5. Mme C... E... a sollicité du bâtonnier de Paris la communication, d'une part, des pièces versées par le cabinet Orrick ayant donné lieu à l'ouverture de l'enquête déontologique par le bâtonnier, d'autre part, des procès-verbaux de ses propres auditions devant le conseil de l'ordre après l'ouverture de la procédure ainsi que, enfin, des documents retraçant les allégations de M. D... contestant ses propres déclarations. Ces documents, quel que soit le stade de la procédure auquel ils ont été établis, doivent être regardés, compte tenu de ce qui a été dit au point 4, comme des pièces de la procédure disciplinaire ouverte devant le conseil de l'ordre à l'encontre de M. D... et se rattachent, par suite, à la fonction juridictionnelle dont est investi le conseil de l'ordre du barreau de Paris.
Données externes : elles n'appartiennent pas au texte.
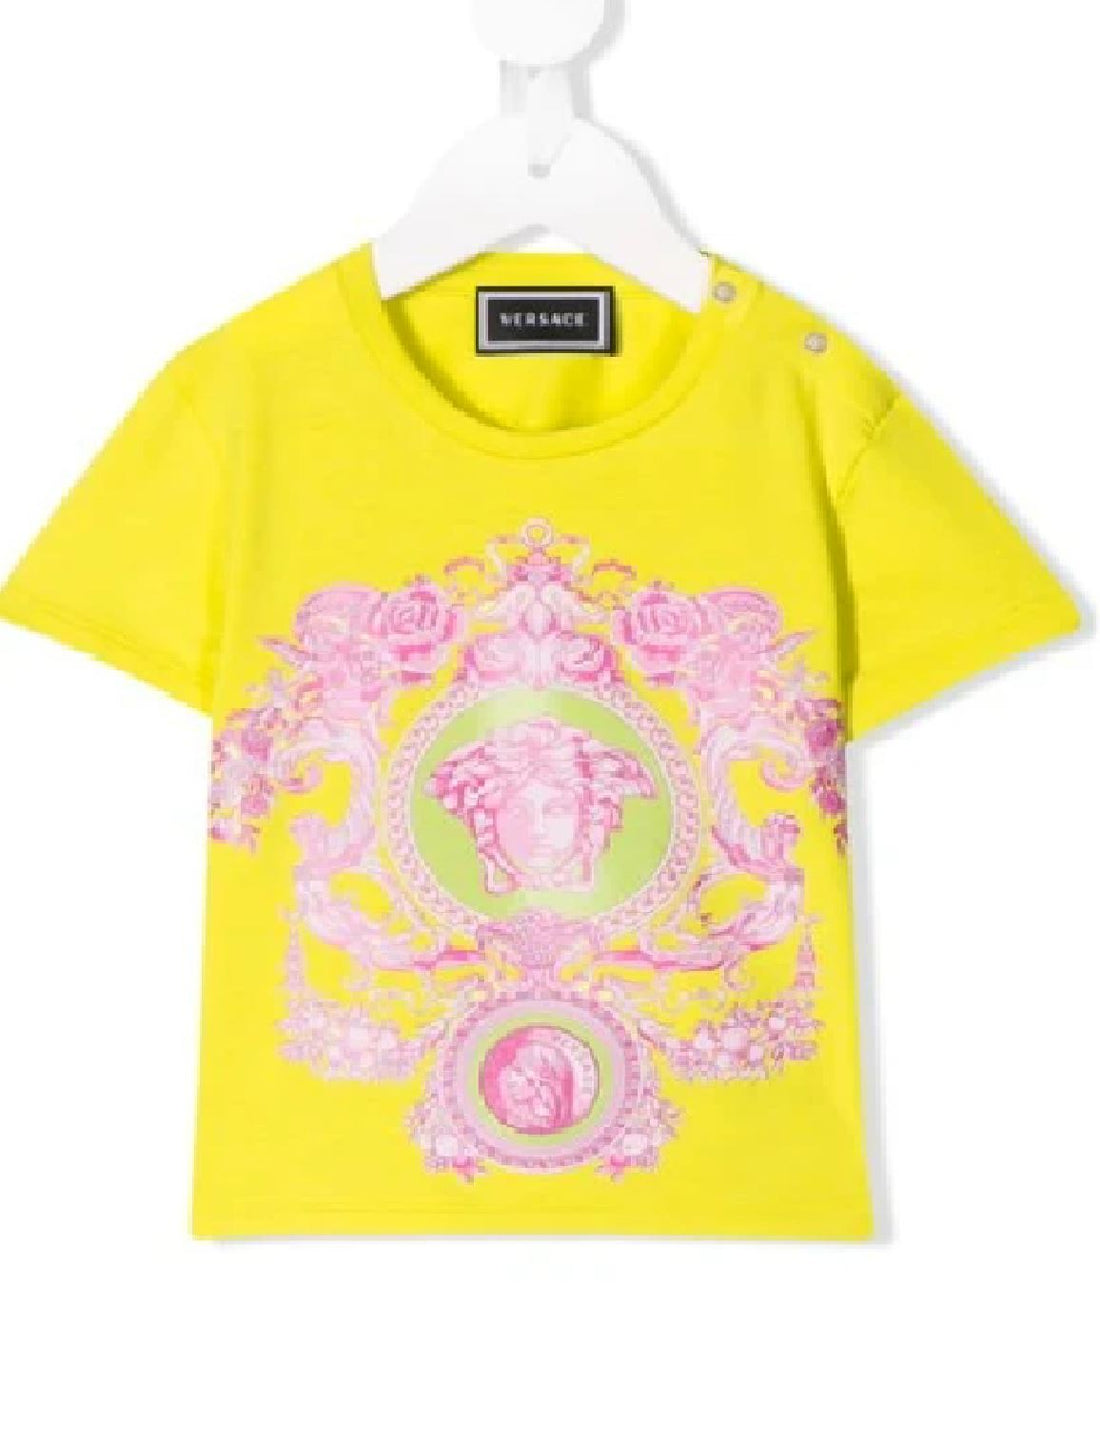 YOUNG VERSACE Medusa logo T-shirt - Maison De Fashion 
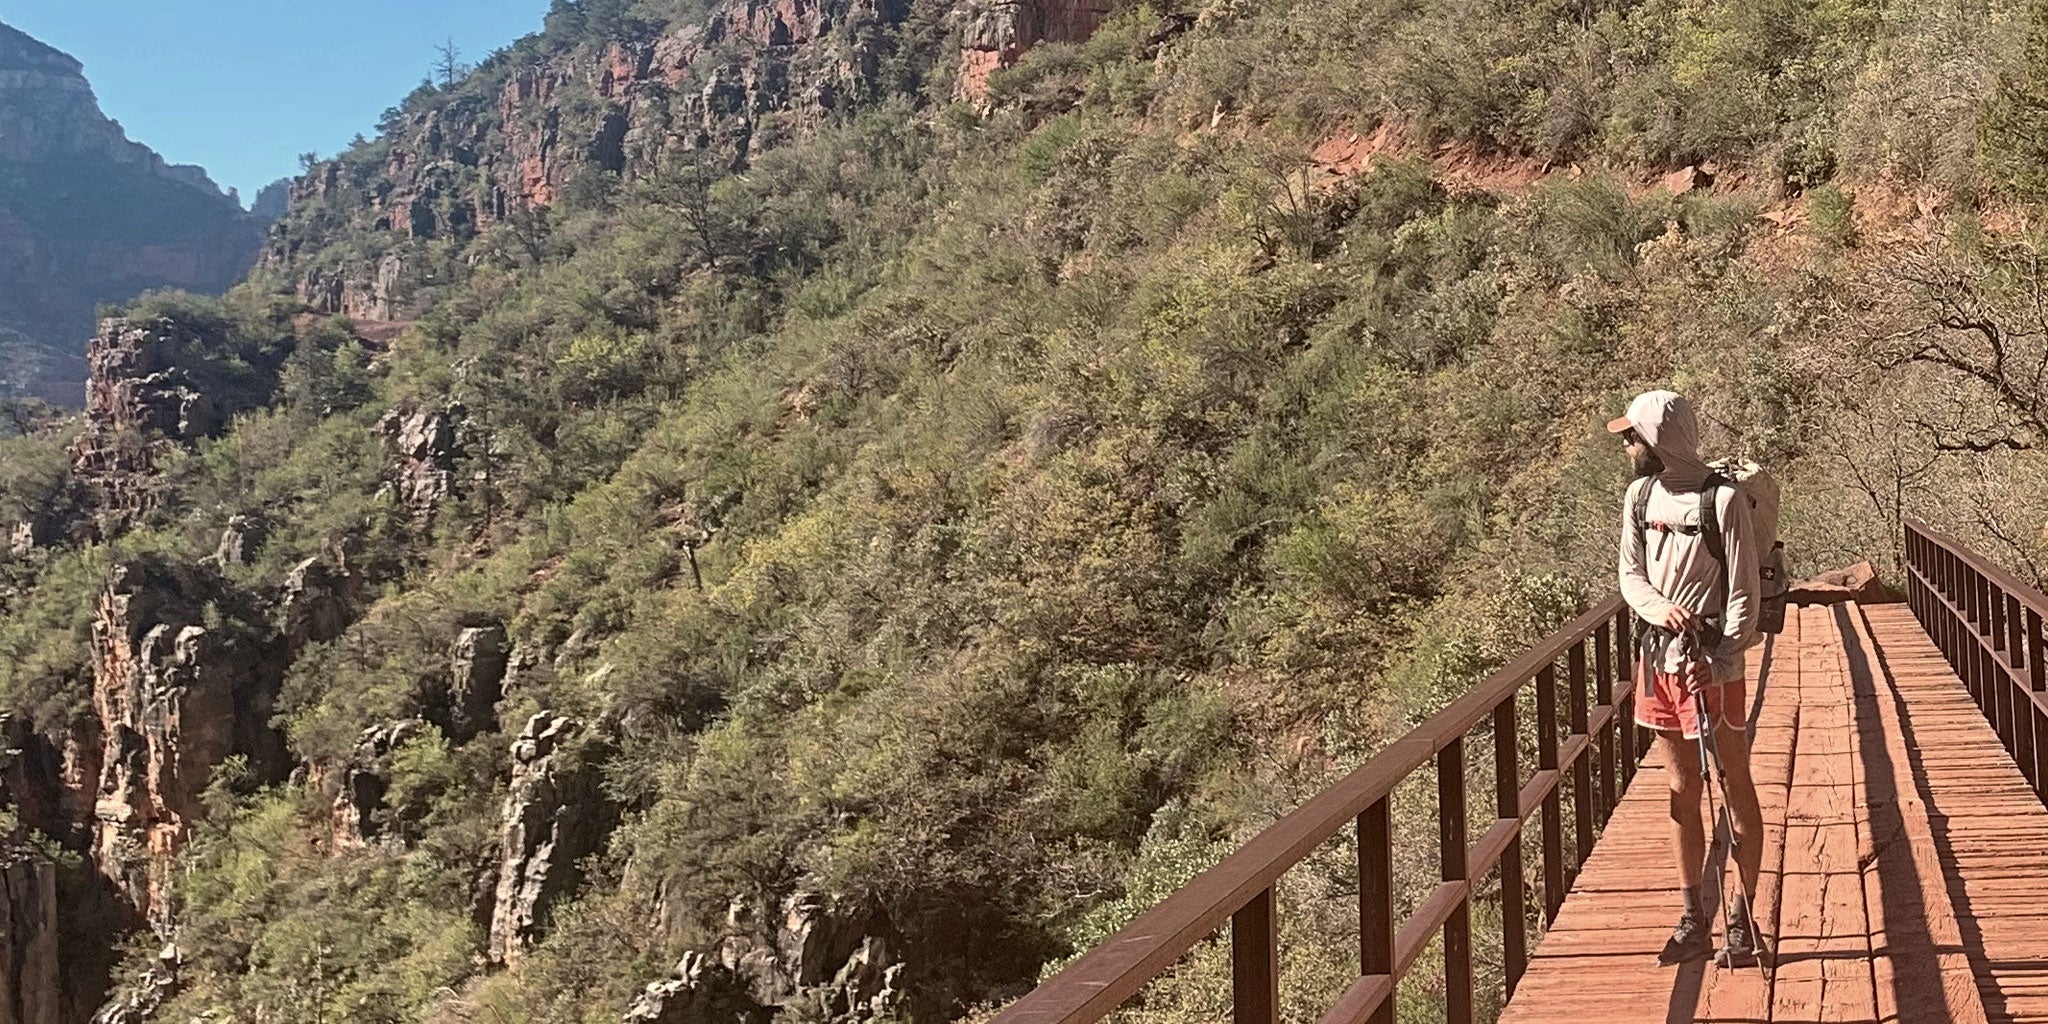 Getting The Bird On The Arizona Trail

Il s'ensuit que ces documents, qui n'ont pas le caractère de documents administratifs, n'entrent pas dans le champ du droit de communication prévu par les dispositions du code des relations entre le public et l'administration citées au point 3. Ce motif, d'ordre public et qui n'emporte l'appréciation d'aucune circonstance de fait, doit être substitué à ceux retenus par le jugement attaqué, dont il justifie légalement le dispositif. Par suite, Mme C... E... n'est pas fondée à demander l'annulation du jugement du tribunal administratif de Paris qu'elle attaque.
6. Il résulte de tout ce qui précède que le pourvoi de Mme C... E... doit être rejeté, y compris ses conclusions présentées sur le fondement des dispositions de l'article L. 761-1 du code de justice administrative.
D E C I D E :
--------------
Article 1er : Le pourvoi de Mme C... E... est rejeté.
Article 2 : La présente décision sera notifiée à Mme A... C... E..., à l'ordre des avocats au barreau de Paris et au garde des sceaux, ministre de la justice.